▸ **Work order**
These records contain pictures, which must be left out; copy exactly the lines from the one with "The Golden State" up to and including the one with "SATO CX200 Users".

▸ **Dataset extract**

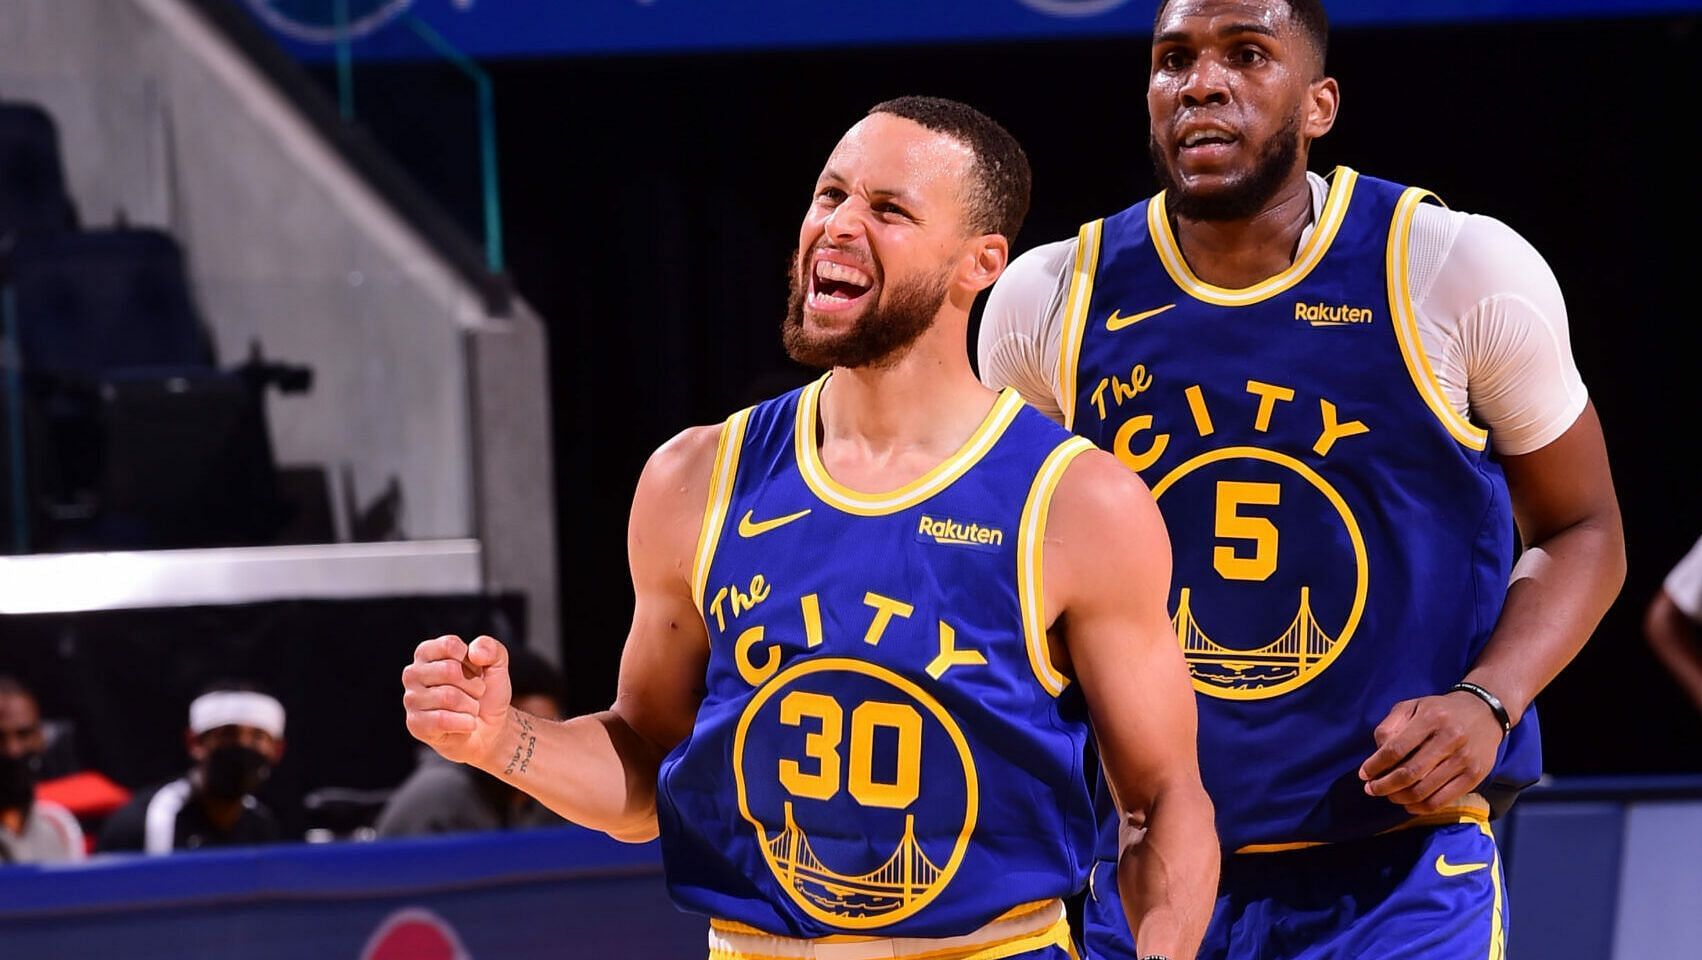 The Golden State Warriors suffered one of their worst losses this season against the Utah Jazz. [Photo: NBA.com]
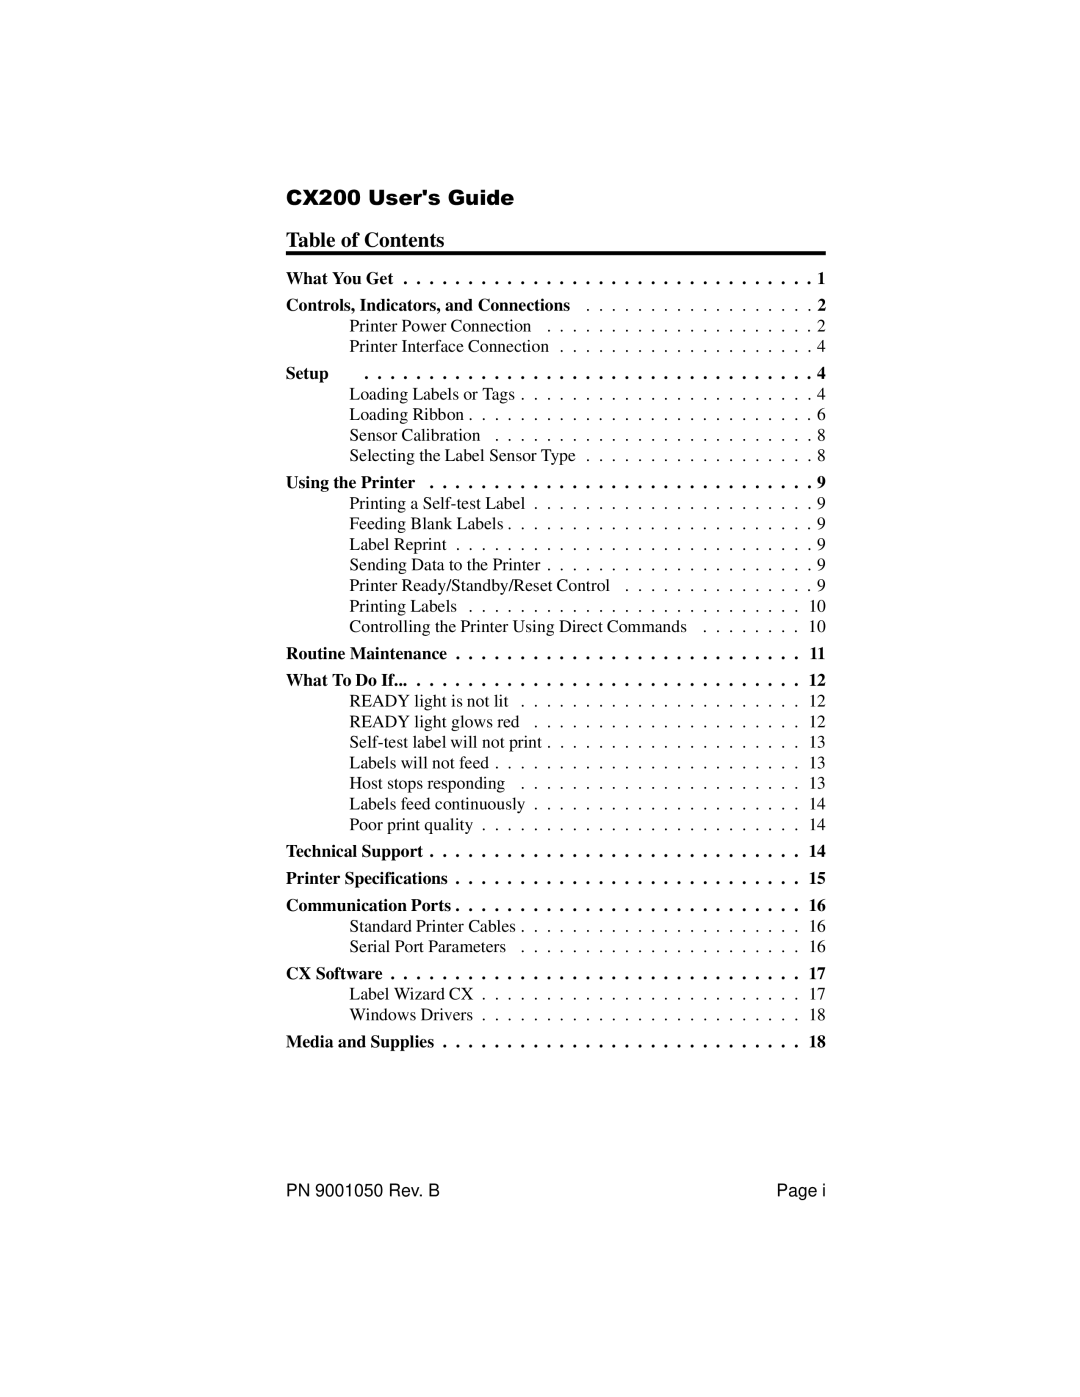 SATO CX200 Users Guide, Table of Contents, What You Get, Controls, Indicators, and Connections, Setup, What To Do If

* * *

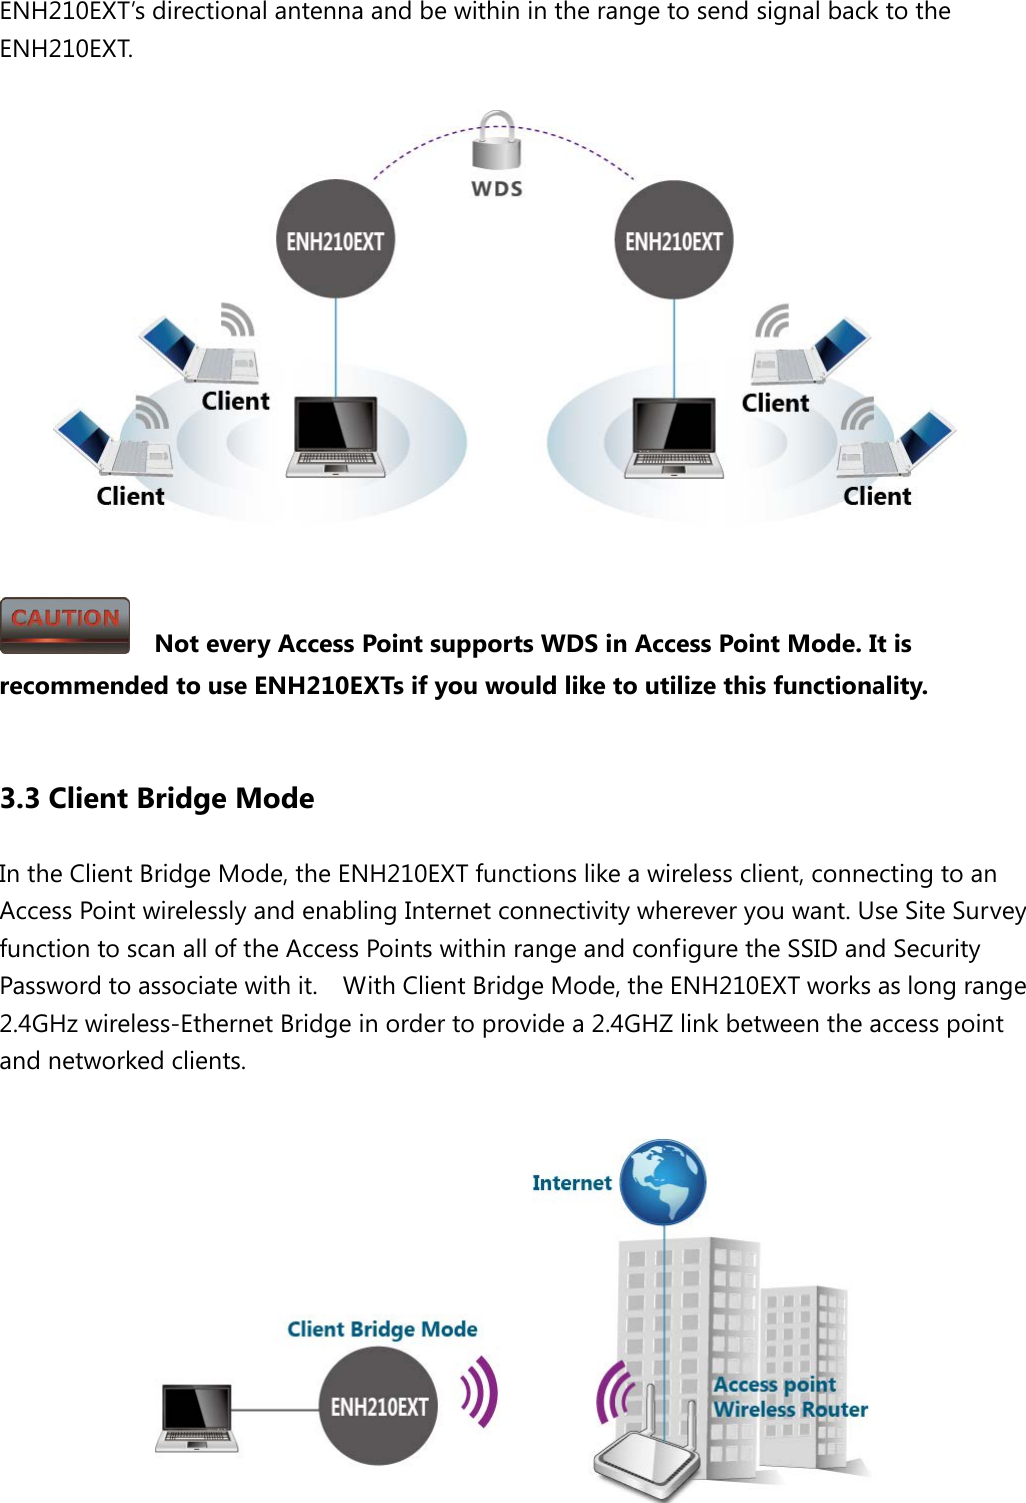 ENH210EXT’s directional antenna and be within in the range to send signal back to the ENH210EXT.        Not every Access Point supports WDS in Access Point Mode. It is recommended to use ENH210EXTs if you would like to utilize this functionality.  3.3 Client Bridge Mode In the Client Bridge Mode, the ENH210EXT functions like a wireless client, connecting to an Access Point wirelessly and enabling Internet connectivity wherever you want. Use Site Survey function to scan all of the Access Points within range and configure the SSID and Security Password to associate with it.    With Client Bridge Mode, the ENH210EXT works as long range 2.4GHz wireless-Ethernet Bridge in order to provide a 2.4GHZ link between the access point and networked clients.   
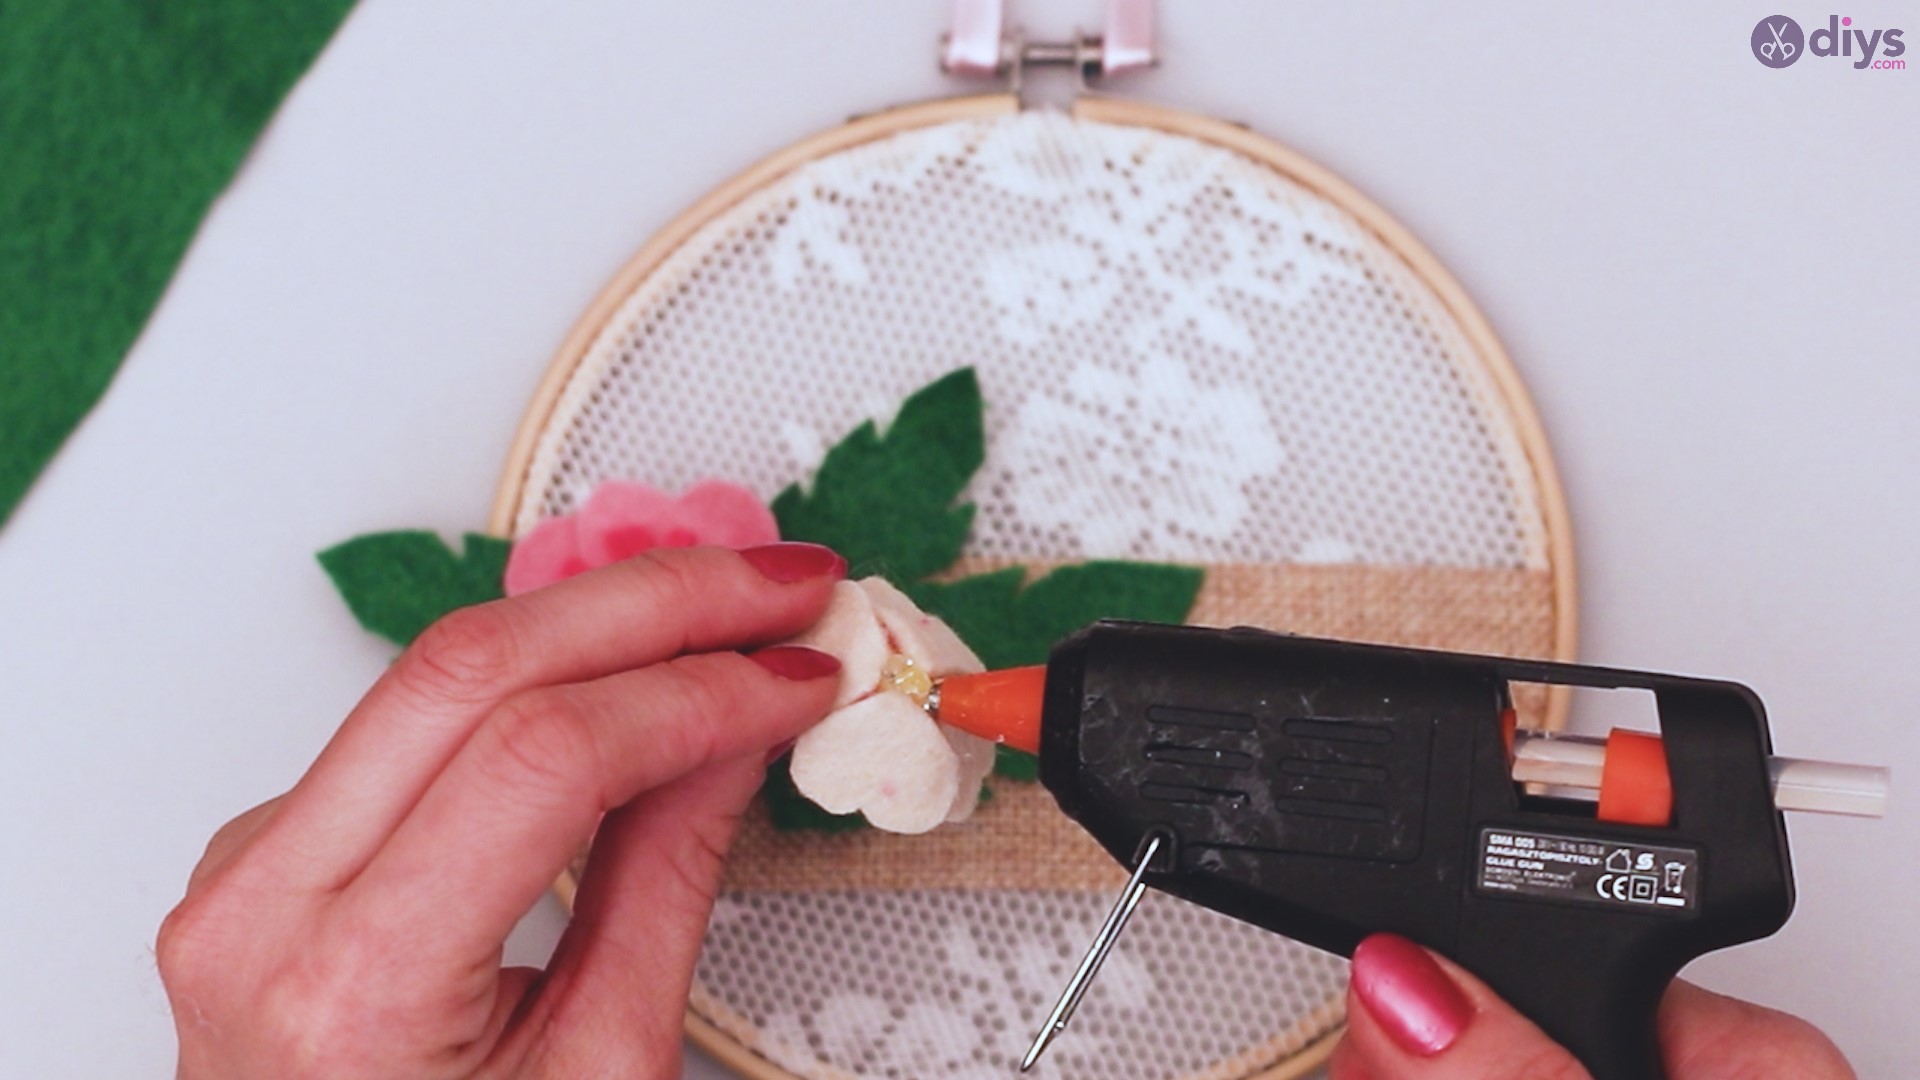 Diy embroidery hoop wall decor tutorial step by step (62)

▸ **Response for this exercise**
 The Golden State Warriors suffered one of their worst losses this season against the Utah Jazz. [Photo: NBA.com]
 SATO CX200 Users Guide, Table of Contents, What You Get, Controls, Indicators, and Connections, Setup, What To Do If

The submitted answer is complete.